For Signal chat parsing:

  • SIGNAL_DB: location of decrypted Signal .db file. This is used by opendb.py to unpack signal messages.

  • SIGNAL_SMS_CSV: location of Signal sms.csv file (enter after exporting using opendb.py).

  • SIGNAL_MMS_CSV: location of Signal mms.csv file (enter after exporting using opendb.py).

  • SIGNAL_RECIPIENT_CSV: location of Signal recipient.csv file (enter after exporting using opendb.py).

  • MY_NAME: enter your name here, surrounded by quotes. Signal doesn’t know your name.

  • THREAD: integer thread number of the relevant Signal chat. This can be by looking in for the number in the Thread column of relevant messages in the sms/mms csv files.

For other chat parsing:

  • WHATSAPP_TXT: location of WhatsApp .txt export.

  • WHATSAPP_PSEUDO: dictionary of the form {“Bob”: “Bobby”} where “Bobby” is Bob’s WhatsApp name. This is necessary if exporting across multiple platforms and names/handles need to be matched up.

  • GROUPME_JSON: location of GroupMe .json export.

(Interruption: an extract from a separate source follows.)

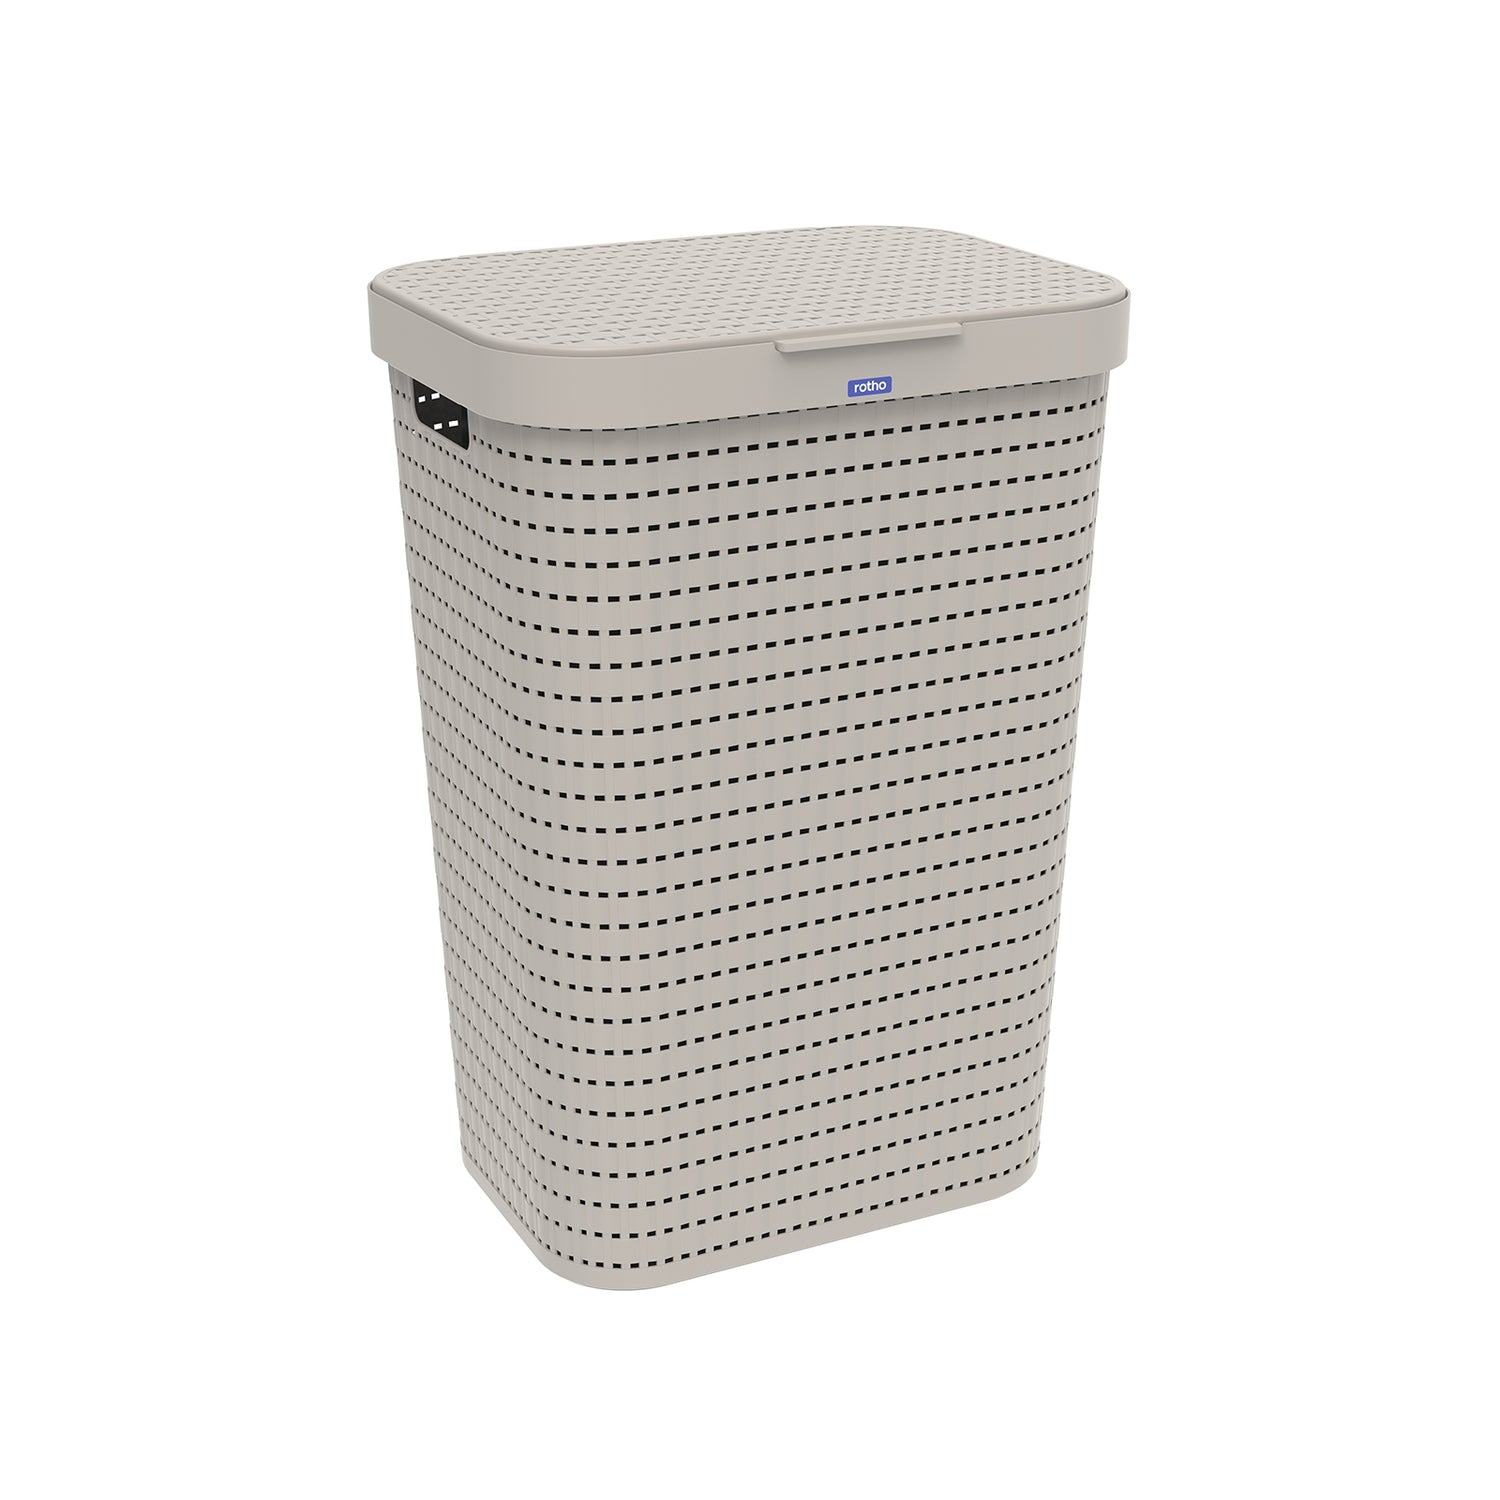 Laundry Basket 55L l COUNTRY

  • GROUPME_PSEUDO: dictionary of the form {“Bob”: “Bobby”} where “Bobby” is Bob’s GroupMe name. This is necessary if exporting across multiple platforms and names/handles need to be matched up.

  • DISCORD_JSON: location of Discord .json export.

  • DISCORD_PSEUDOS: dictionary of the form {“Bob”: “bobthediscordguy”} where “bobthediscordguy” is Bob’s discord handle. This is necessary if exporting across multiple platforms and names/handles need to be matched up.

  • FB_FOLDER: location of folder containing Facebook Messenger .json exports. FB Messenger generally exports a “messages” folder within which there is an “inbox” folder within which there are many message folders, one for each chat (and two per chat in the case of chats containing multimedia). The folder to specify here is of the form messages/inbox/bobsmith_dy28ddkp0.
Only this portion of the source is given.